Ellembelle Coin Rejection Sparks Legal and Consumer Concerns

Image: GhanaFront Editorial
Traders in parts of Ellembelle are refusing to accept 10 and 20 pesewas coins in daily transactions, creating a quiet but serious breach of Ghana's currency rules and putting extra pressure on ordinary consumers who rely on small change.
The practice has surfaced despite the absence of any directive from the Bank of Ghana to withdraw or reject those coins. Instead, the central bank says the coins remain valid legal tender and warns that no individual trader has the authority to decide otherwise.
What is unfolding in the district is more than a simple market inconvenience. It is a direct challenge to the rules that govern cash transactions in Ghana. When lawful currency is treated as optional, disorder enters the smallest parts of the economy first, then spreads quickly through habit.
BoG Says the Coins Remain Legal Tender
Checks by the Ghana News Agency found that some sellers in the Ellembelle District had stopped taking the coins, with some arguing that they are inconvenient to store and easy to misplace. Others claimed the denominations carry little practical value in business.
That position is directly at odds with the law. A source at the Bank of Ghana head office in Accra told GNA that the central bank has issued no instruction for the rejection of any Ghana cedi denomination. The source added that complaints have been reaching the bank from members of the public over the refusal of some businesses to accept 10 and 20 pesewas coins.
Rejecting any denomination of Ghana's currency is an offence punishable by law, according to the Bank of Ghana source cited by GNA.
The warning matters because currency acceptance is not meant to be optional. Once a note or coin remains in circulation under the authority of the central bank, businesses are expected to honour it in normal transactions. The law does not create room for traders to decide that a coin is too small to matter.
To address growing confusion, the Bank of Ghana has begun a public sensitisation exercise to remind people that the 10 and 20 pesewas coins are still valid for payments and change. That campaign is necessary because public habits can shift faster than official communication, especially when traders adopt a practice that others copy without questioning the consequences.
Consumers Bear the Real Cost
For many shoppers, the rejection of lower coin denominations does not end at the counter. It often leads to a familiar and frustrating outcome: instead of receiving the exact balance from a purchase, buyers are pushed to accept a sweet, a sachet of water, or another low-value item in place of proper change.
That may look minor on the surface, but across repeated daily purchases it shifts the burden from traders to consumers. In a period when households are already managing tight budgets, even a few pesewas matter. What disappears in one transaction becomes meaningful when multiplied over a week, a month, or an entire community of buyers.
The scale of the issue also undercuts the argument that the coins are meaningless. In the latter part of 2024, 20 pesewas coins alone accounted for GH¢120 million in circulation, a clear sign that they remain relevant in Ghana's retail economy, especially in markets, transport stops, and small cash transactions.
- Some traders say the coins are difficult to keep.

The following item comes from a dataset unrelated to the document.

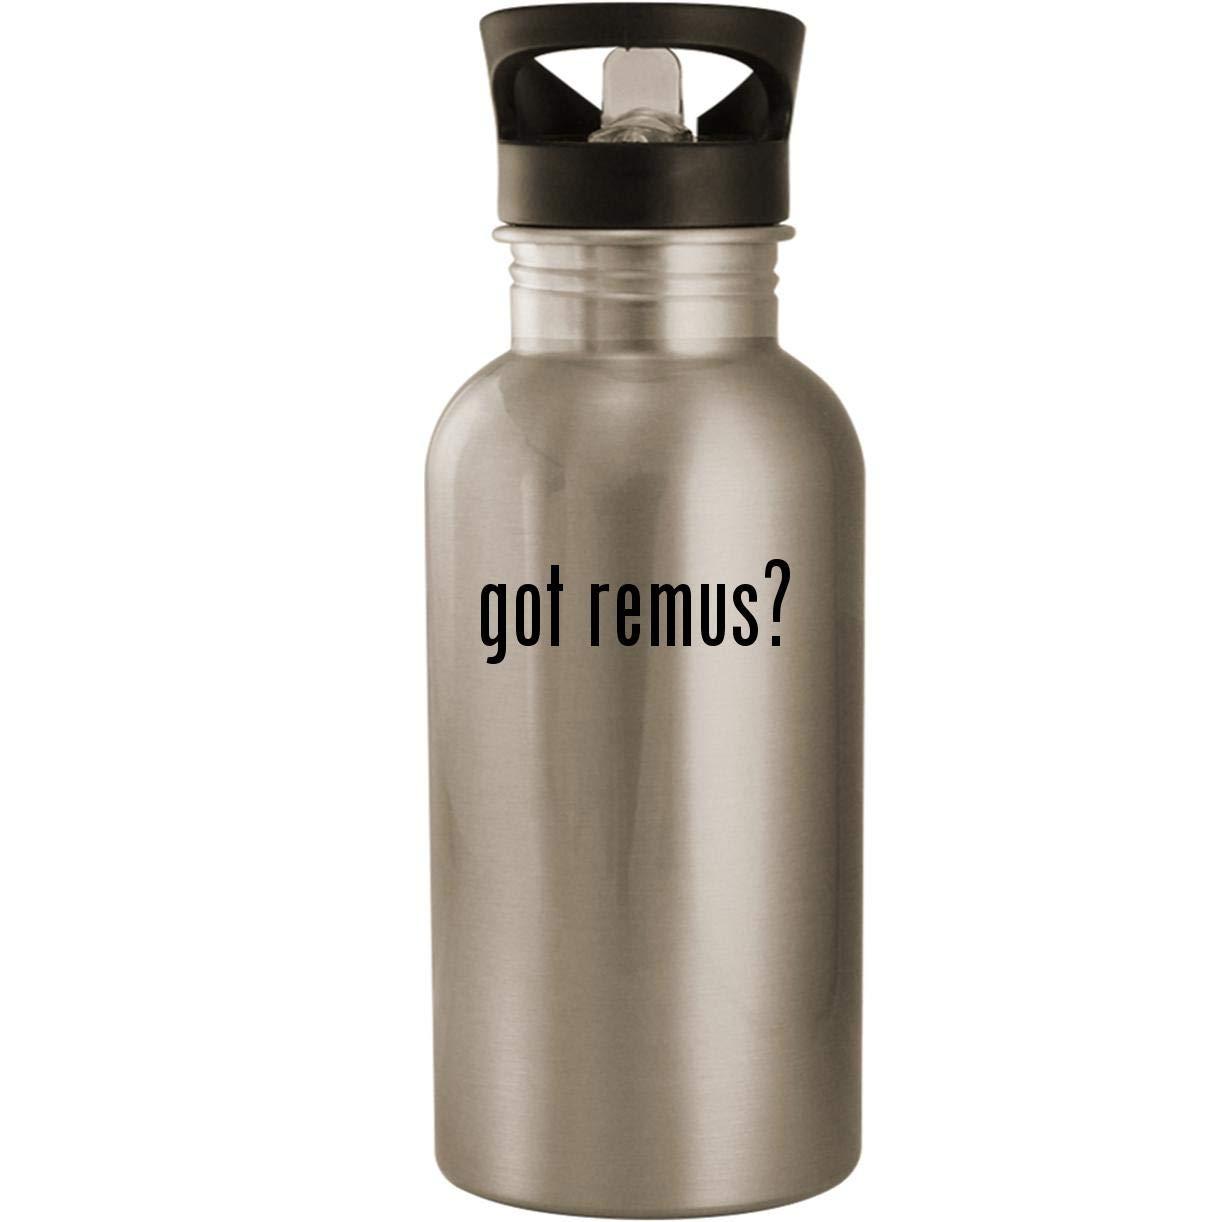 got remus - ステンレススチール製20オンスのロード対応ウォーターボトル。 シルバー US-C-07-18-01-083838-04-26-18-26 B07GN8DJFL シルバー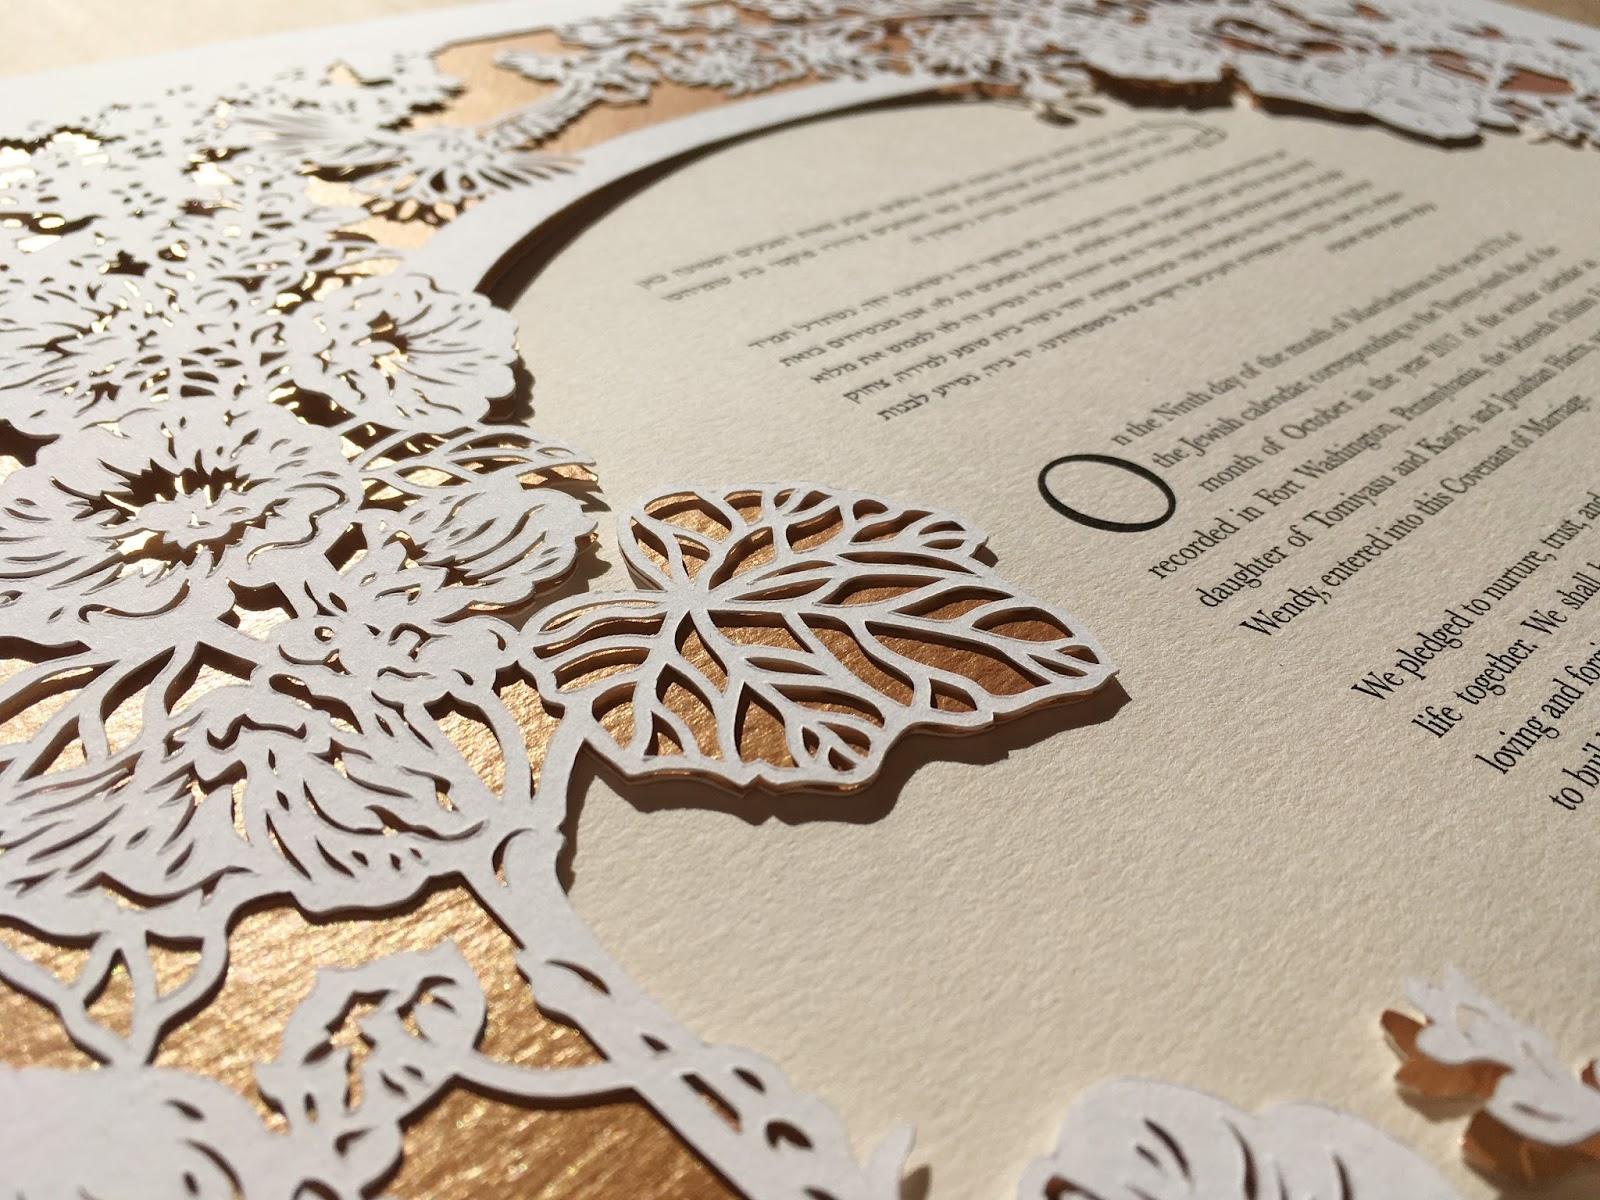 custom designed and cut by artist Naomi Shiek

- Others claim they have little value in real transactions.
- The Bank of Ghana says both coins remain valid legal tender.
- Consumers often lose out when exact change is replaced with lower-value items.
This is why the issue cannot be dismissed as a local trading habit. It affects price fairness, trust in cash transactions, and the credibility of the national currency system. It also exposes a wider problem in the informal economy, where convenience can override rules unless institutions step in firmly.
There is also a practical contradiction in the rejection itself. Traders who refuse the coins today may still depend on exact pricing tomorrow when they buy stock, pay transport fares, or settle transactions further up the supply chain. Small denominations are part of how pricing works in real life, not an abstract detail printed by the mint.
Police Want Offenders Reported
The Ghana Police Service has now asked the public to report anyone who refuses to accept any denomination of Ghana's currency to the nearest police station. That instruction raises the stakes for businesses that have treated the practice as harmless discretion.
It also sends a broader message. When traders independently decide that part of the national currency is no longer welcome, they create confusion in the marketplace and weaken a rule that should be uniform from one district to another. Lawful money cannot be valid in one shop and rejected in the next.
Ellembelle may be the focus of the latest report, but the complaints reaching the Bank of Ghana suggest the problem is not isolated. If enforcement and public education do not take hold, the rejection of low-value coins could spread further and normalize a culture where legal tender is accepted only when convenient.
That cannot stand. A functioning cash economy depends on public confidence that every valid denomination will be honoured as issued. The 10 and 20 pesewas coins may be small, but the principle behind them is not. Once that principle is weakened, the cost is measured not only in coins but in public trust.
- The Bank of Ghana has not withdrawn the 10 and 20 pesewas coins.
- Rejecting them is unlawful.
- Police want the public to report offenders.
- Consumers are the ones paying the price when traders ignore the rules.
The immediate fix is straightforward: accept the coins, educate the public, and enforce the law where necessary. Anything less rewards disorder in everyday commerce. For a country that depends heavily on cash for daily trade, that is a dangerous habit to excuse.